-- Records provided --
=-=-=-=-=

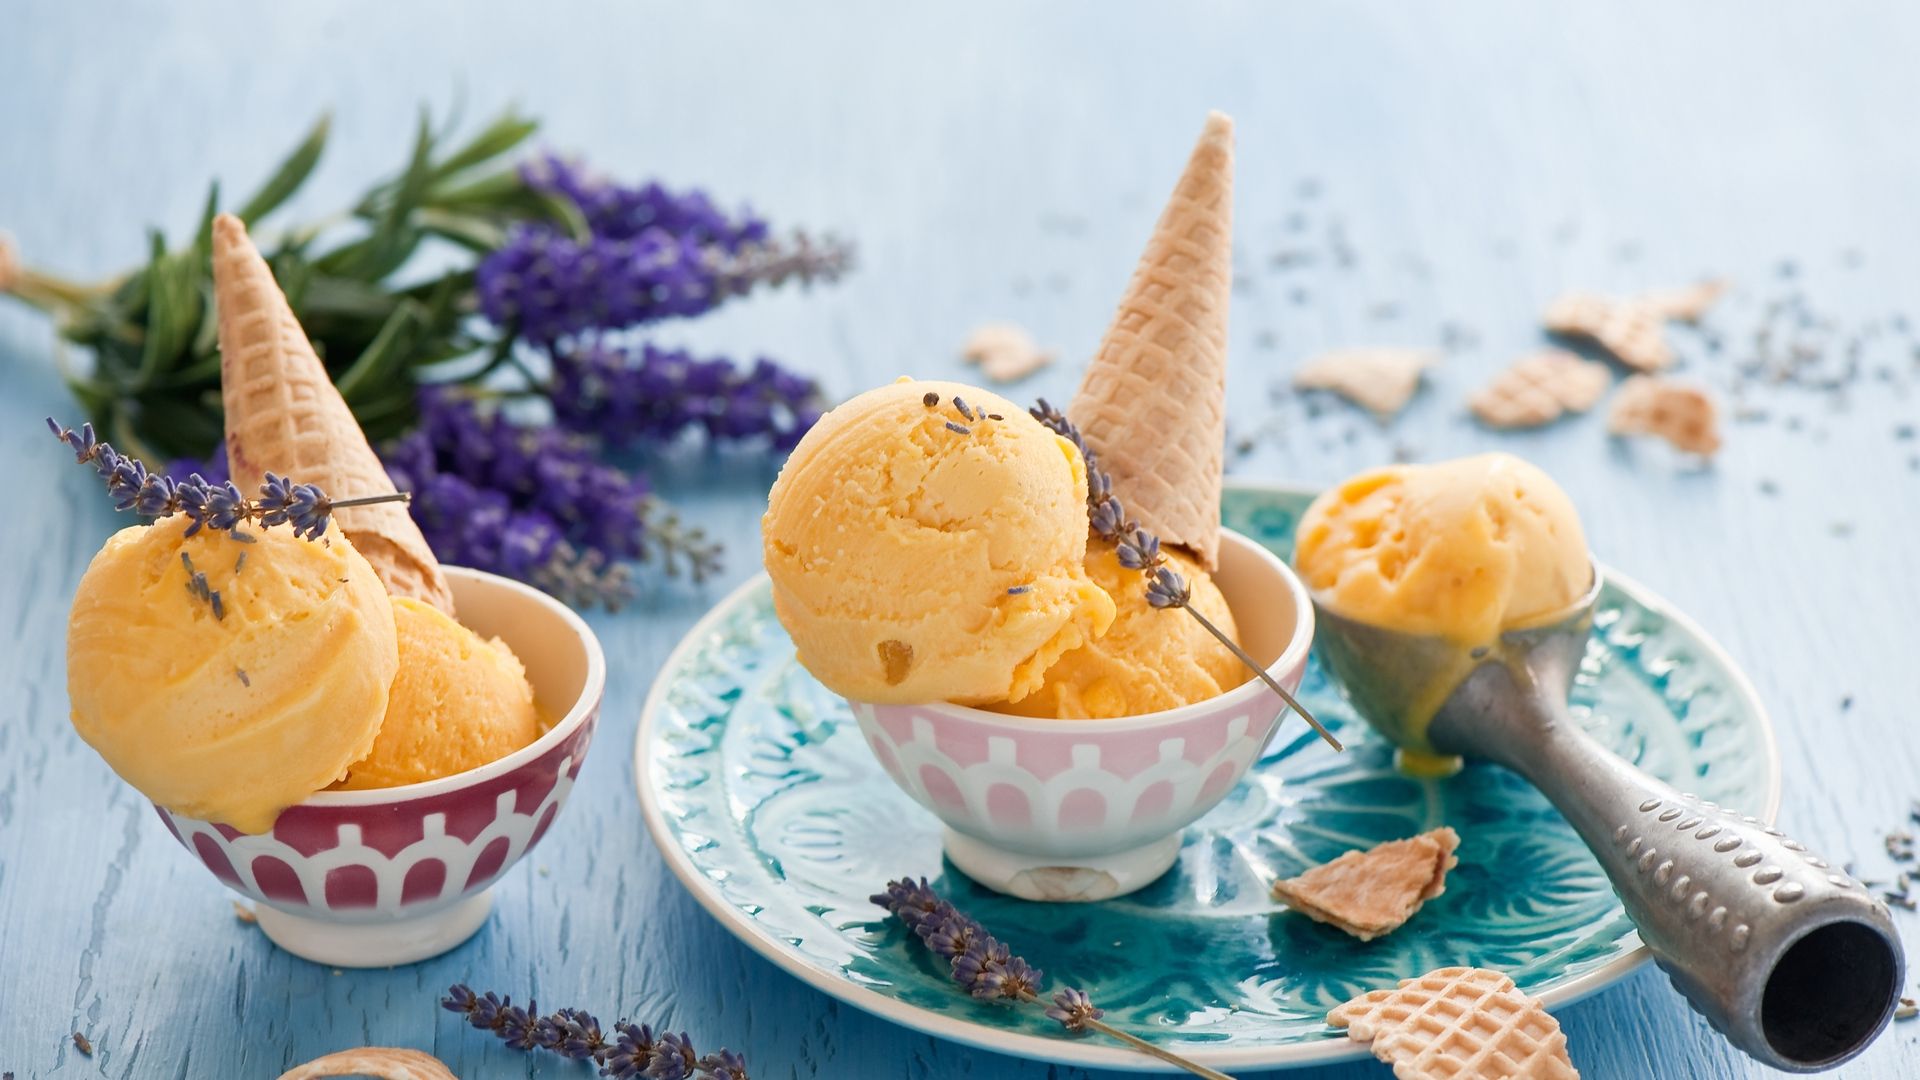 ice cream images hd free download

=-=-=-=-=

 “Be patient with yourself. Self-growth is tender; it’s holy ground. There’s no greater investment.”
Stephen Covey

=-=-=-=-=

-- To do --
Copy range, inclusive: the line holding "patient with yourself." to the line holding "Stephen Covey". Reproduce exactly those lines of the records above and no others.

-- Task result --
 “Be patient with yourself. Self-growth is tender; it’s holy ground. There’s no greater investment.”
Stephen Covey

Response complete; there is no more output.